Re: [PATCH] Don't jump to compute_result state from check_result state

Song Liu <liu.song.a23@xxxxxxxxx> · Tue, 9 Apr 2019 10:43:02 -0700

On Mon, Apr 8, 2019 at 4:29 PM Dan Williams <dan.j.williams@xxxxxxxxx> wrote:
>
> On Mon, Apr 8, 2019 at 4:18 PM Song Liu <liu.song.a23@xxxxxxxxx> wrote:
> [..]
> > > > To trigger this issue, you not only need a failed disk but to also
> > > > perform a scrubbing operation.  The customer's systems both crashed
> > > > early Sunday morning when the raid-check script is run by default from cron.
> > >
> > > Ok, I follow this, but I come to a different answer on the required
> > > fix. I think it is simply the following to preserve the writeback
> > > action after the parity check, because we need the failed Q slot to be
> > > written back if we're recovering. P will be not up-to-date because it
> > > was checked with the good disks, but sh->ops.zero_sum_result will be
> > > 0, so that will skip the writeback of a !uptodate P value.
> > >
> > > diff --git a/drivers/md/raid5.c b/drivers/md/raid5.c
> > > index c033bfcb209e..e2eb59289346 100644
> > > --- a/drivers/md/raid5.c
> > > +++ b/drivers/md/raid5.c
> > > @@ -4187,7 +4187,6 @@ static void handle_parity_checks6(struct r5conf
> > > *conf, struct stripe_head *sh,
> > >                 /* now write out any block on a failed drive,
> > >                  * or P or Q if they were recomputed
> > >                  */
> > > -               BUG_ON(s->uptodate < disks - 1); /* We don't need Q to
> > > recover */
> >
> > Thanks Dan!
> >
> > Would it make sense to rework the check as
> >
> >   BUG_ON(s->uptodate < disks - 2);
>
> I think the problem is that any 'uptodate' vs 'disks' check is not
> precise enough in this path.
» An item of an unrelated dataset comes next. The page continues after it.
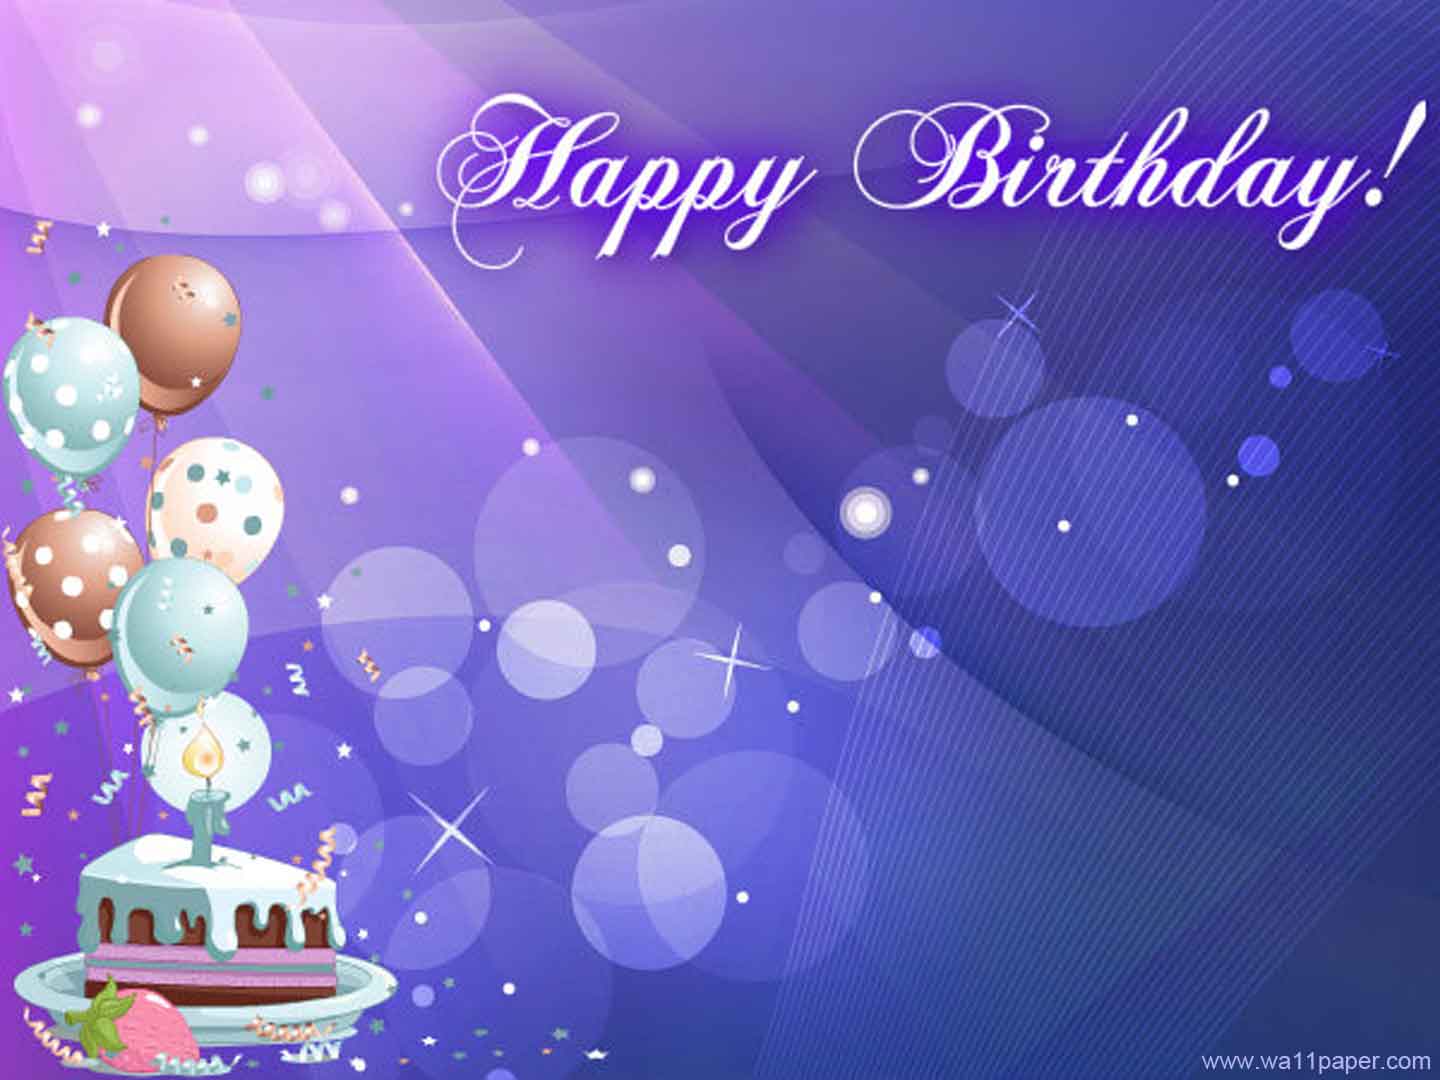 Happy Birthday Background Images
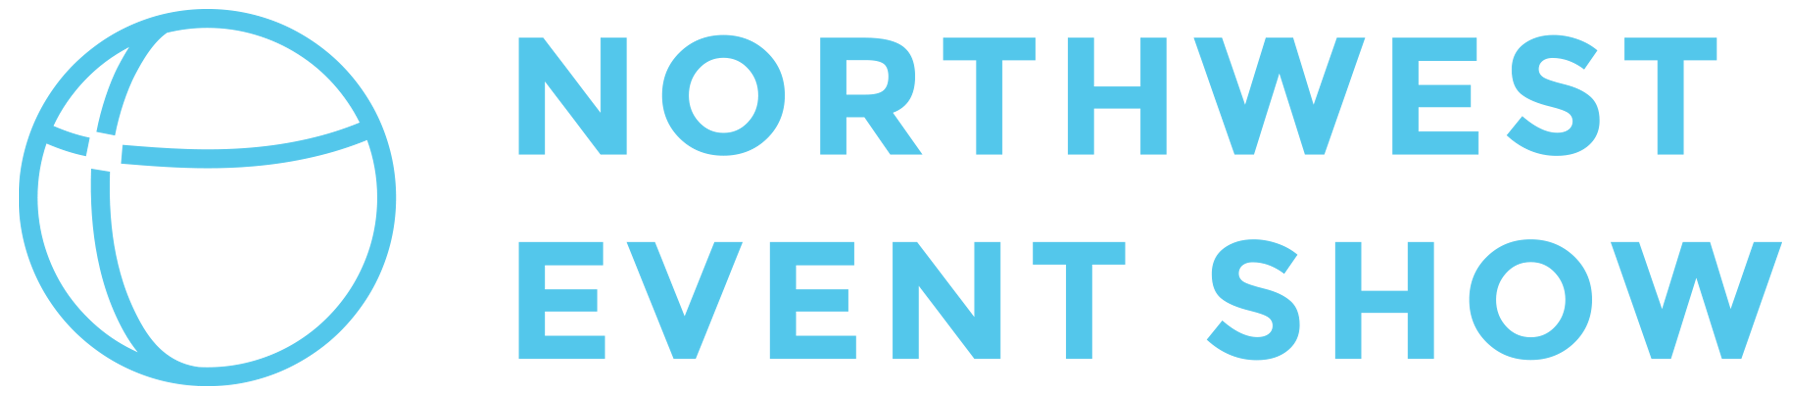 Northwest Event Show

What might be better is to put
> "WARN_ON(!test_bit(R5_UPTODATE, &dev->flags)" on the devices that
> might try to kick off writes and then skip the action. Better to
> prevent the raid driver from taking unexpected action *and* keep the
> system alive vs killing the machine with BUG_ON.
>
> BUG_ON has fallen out of favor for exception reporting since those
> assertions were introduced.

Thanks Dan!

Nigel and Xiao, could you please share your thoughts on this? Personally,
I feel this is the right fix.

Best,
Song